Skip any image you find and restate the rest of the data word for word.

*** The data Section Begins ***

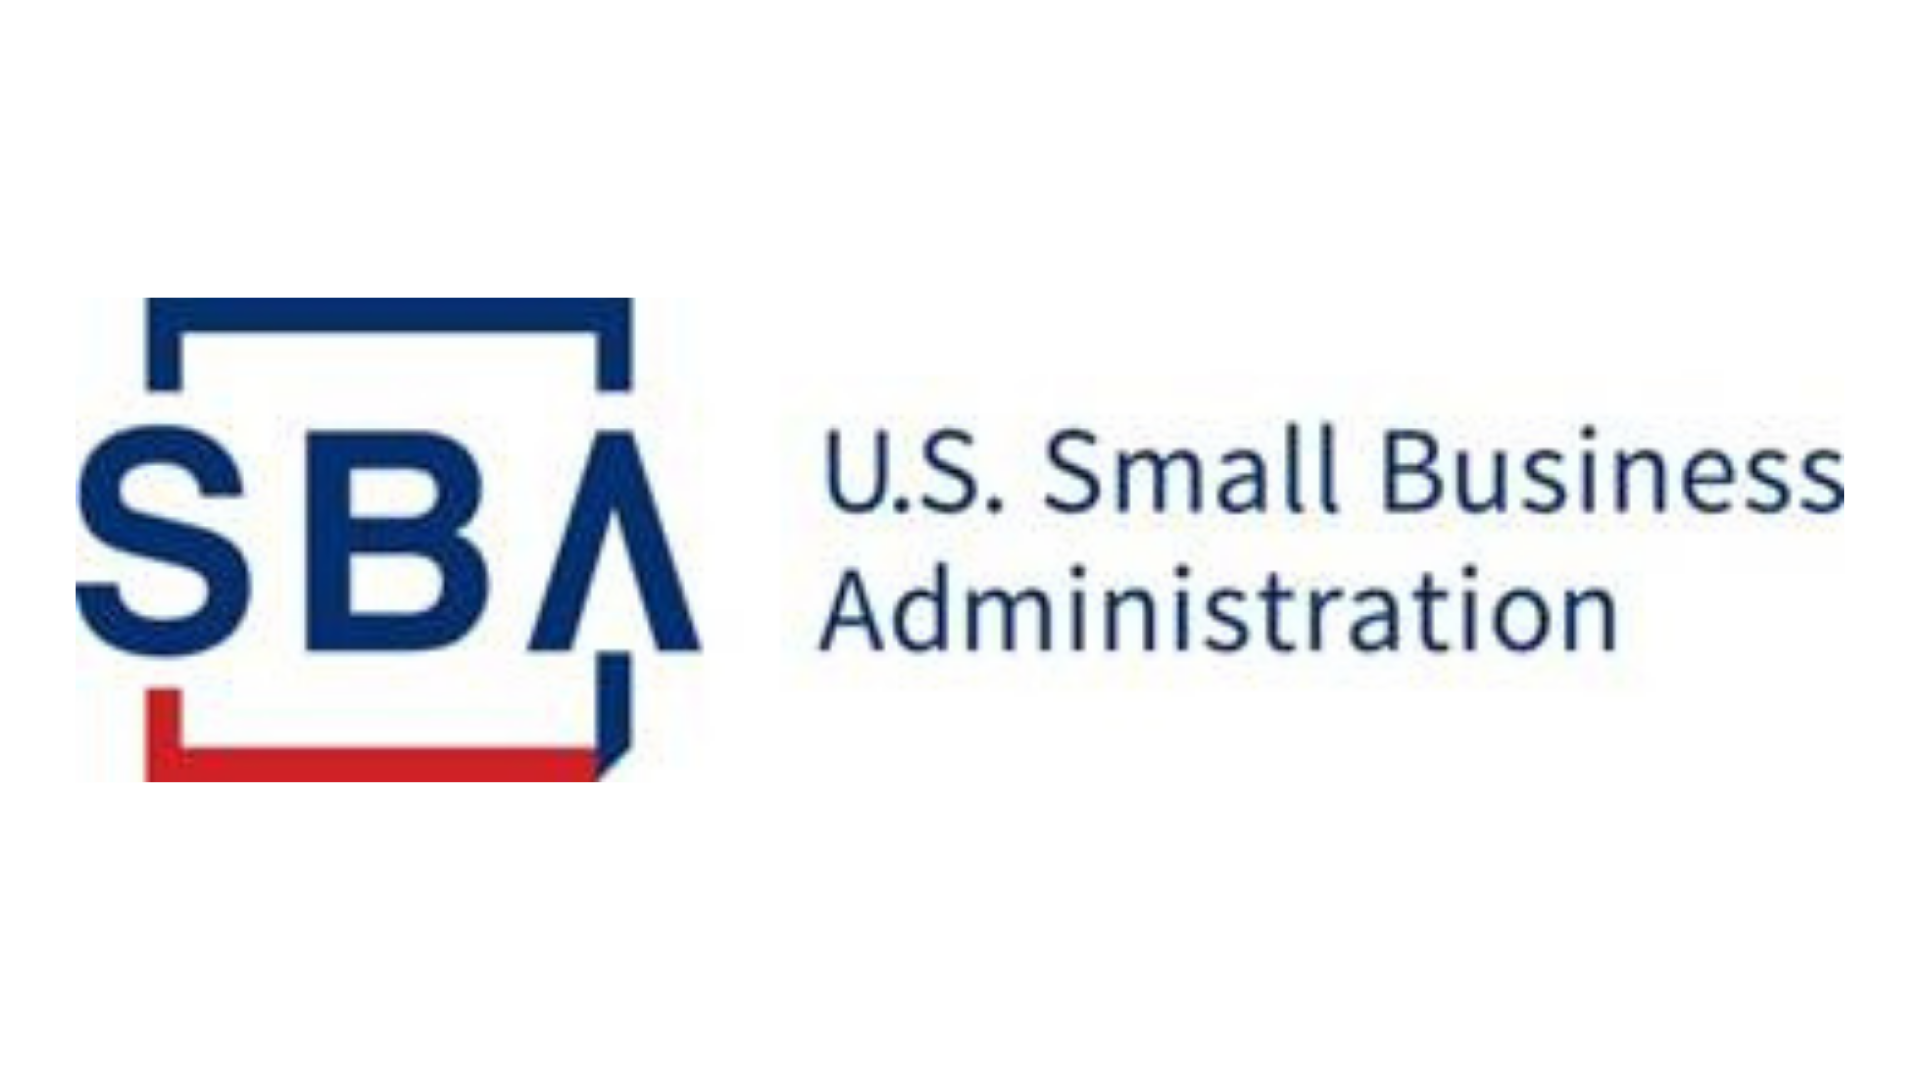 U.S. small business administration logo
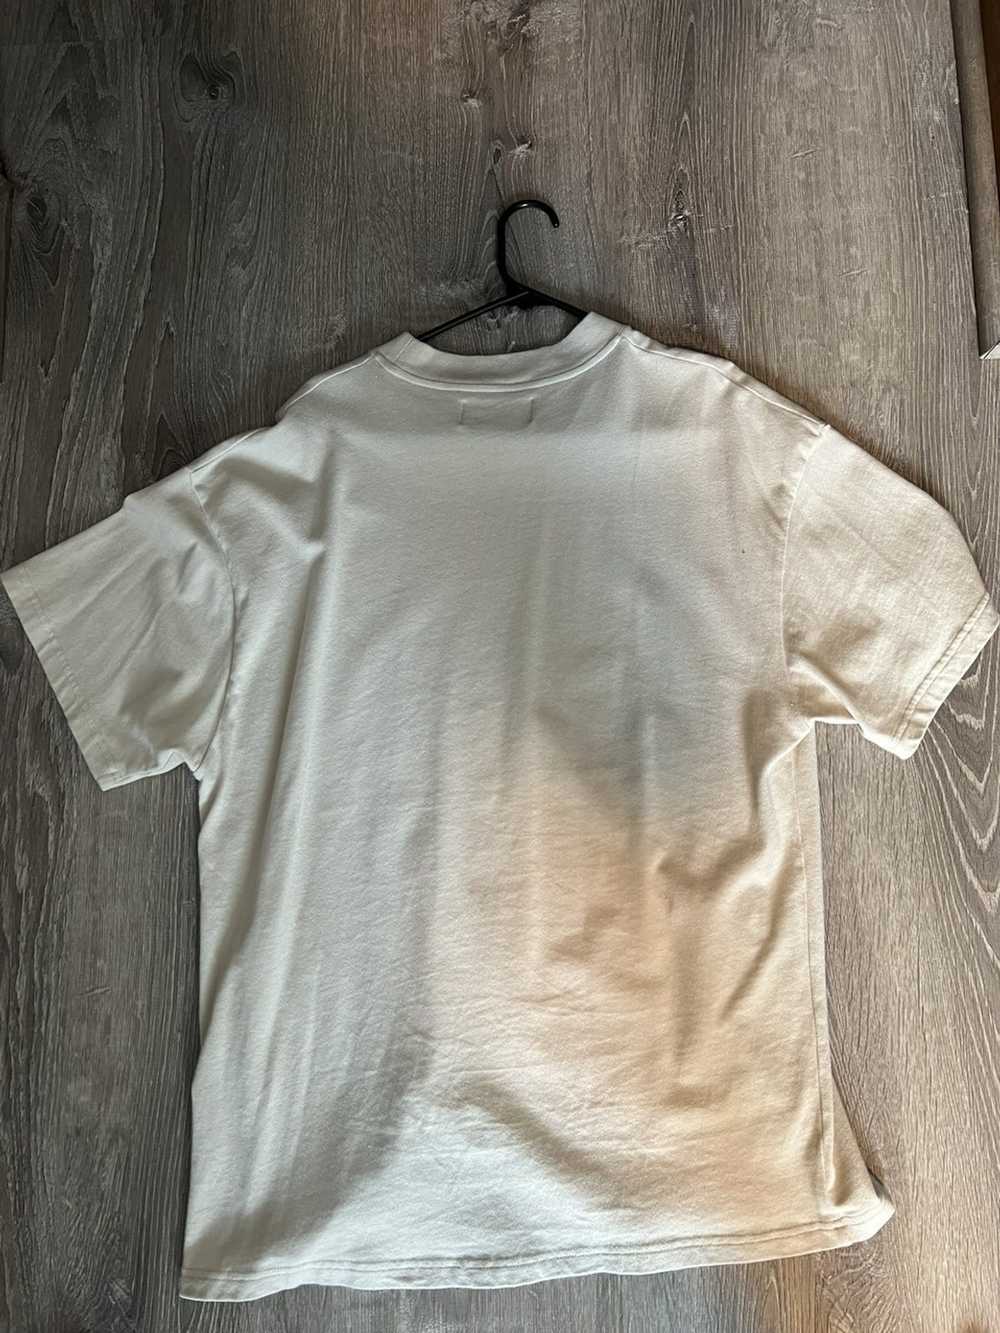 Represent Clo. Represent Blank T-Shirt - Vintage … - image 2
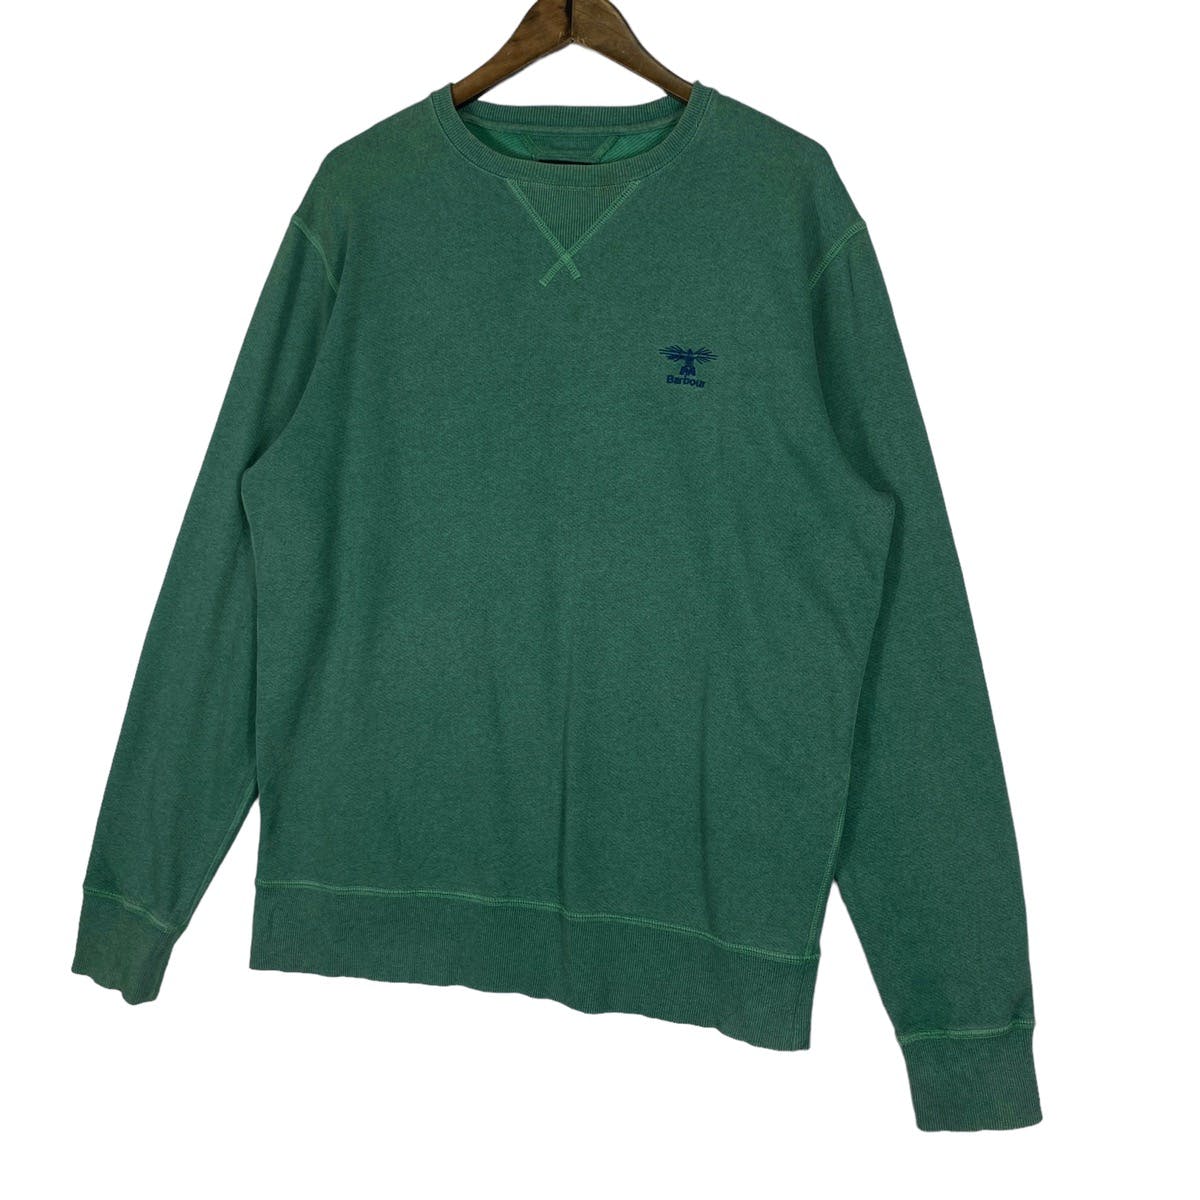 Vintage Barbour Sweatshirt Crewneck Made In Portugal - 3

*** The data Section Ends ***

Answer area:
 U.S. small business administration logo
 Represent Clo. Represent Blank T-Shirt - Vintage … - image 2
 Vintage Barbour Sweatshirt Crewneck Made In Portugal - 3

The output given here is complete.